Data analysis is concerned with the correct interpretation of some data.  Unfortunately, data scientists face many difficulties: statistical outliers, extreme values, background noise, non-stationaries, external trends, or random breaks. A ubiquitous example is long-memory (also called long-range correlations), which was found in a tremendous amount of data sets, such as air temperature, stock prices, heart rate variability and many more. Long-memory can be described by a power law decaying autocorrelation function \(C(\tau)\sim \tau^{-\gamma}\) with the correlation parameter \(0<\gamma<1\) for large values of the time lag \(\tau\).

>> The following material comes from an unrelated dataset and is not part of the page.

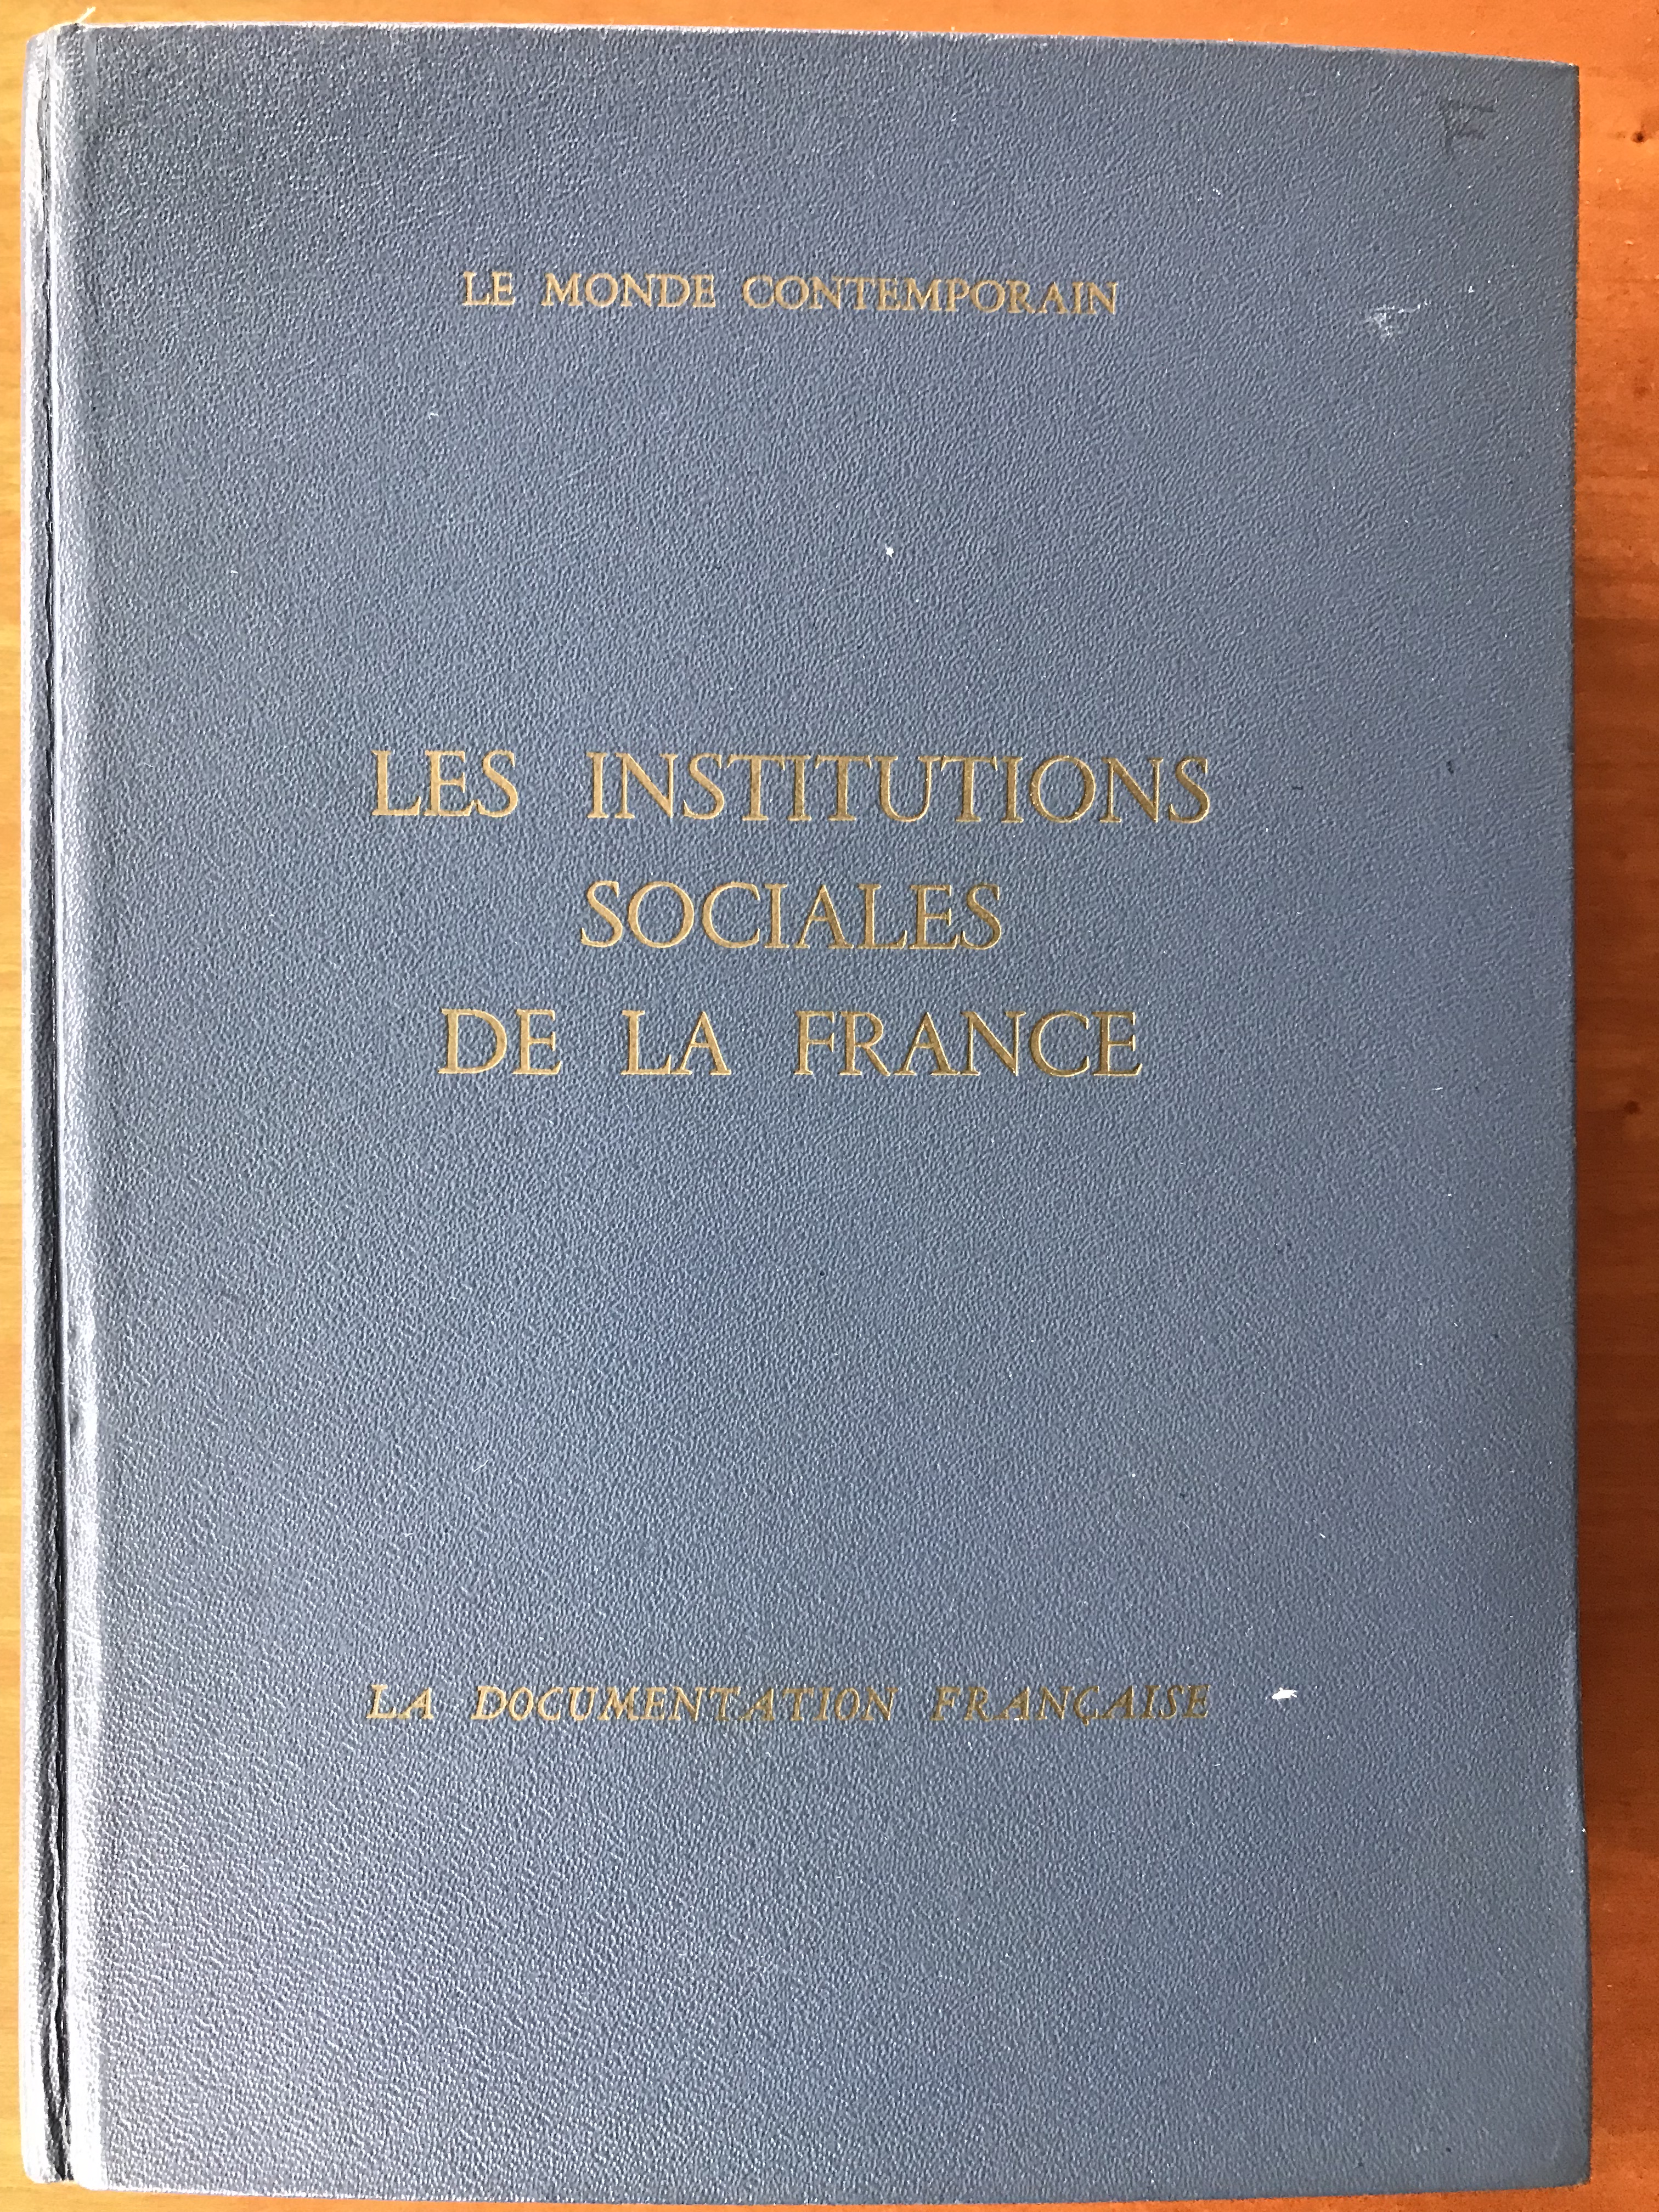 Le Monde contemporain - Les institutions sociales de la France

A major problem for the data analysis of long-memory is the conflict with non-stationarities (for example, an external linear trend). Classical statistical methods identify long-range correlations as non-stationarities, and vice versa. A popular solution to estimate long-memory correctly are detrending methods of fluctuation analysis. The detrended fluctuation analysis (DFA) and the detrending moving average (DMA) are famous examples. These methods are based on the random walk theory: the data points are interpreted as increments of a random walk, one estimates the mean squared displacement of this “random walk”, which scales as

\(\text{MSD}(s) \sim s^\alpha\)

where \(s\) is the time lag. The fluctuation parameter \(\alpha\) is directly related to the correlation parameter \(\gamma=\gamma(\alpha)\). The key property for the success of these methods is that they filter out external nonstationarities. It is straightforward to verify with Monte Carlo simulations that these methods work for a large class of nonstationarites. But it is by far not obvious how and why these methods work at all.

In my PhD thesis at the Max Planck Institute for the Physics of Complex Systems, I developed a general theory for detrending methods of fluctuation analysis. These methods estimate for a given data set the so-called fluctuation function \(F(s)\). We found an exact relationship between \(F(s)\) and the autocovariance function \(C(\tau)\) of the time series

\(F(s) = \sum_{\tau=0}^{s-1}C(\tau)L(\tau,s)\)

with the detrending kernel \(L(\tau,s)\). Based on this formula, we claim two basic principles:

  1. The fluctuation function \(F(s)\) scales as the MSD \(MSD(s)\).
  2. The estimator of the fluctuation function is unbiased.

The first point is necessary for the indirect estimation of the correlation. The second point is the mathematical terminology for “removing external trends”. Hence, we showed what actually happens when the data is detrended. Finally, we calculated \(L(\tau,s)\) for the above DFA and DMA and showed that these methods are specific examples of our general theory.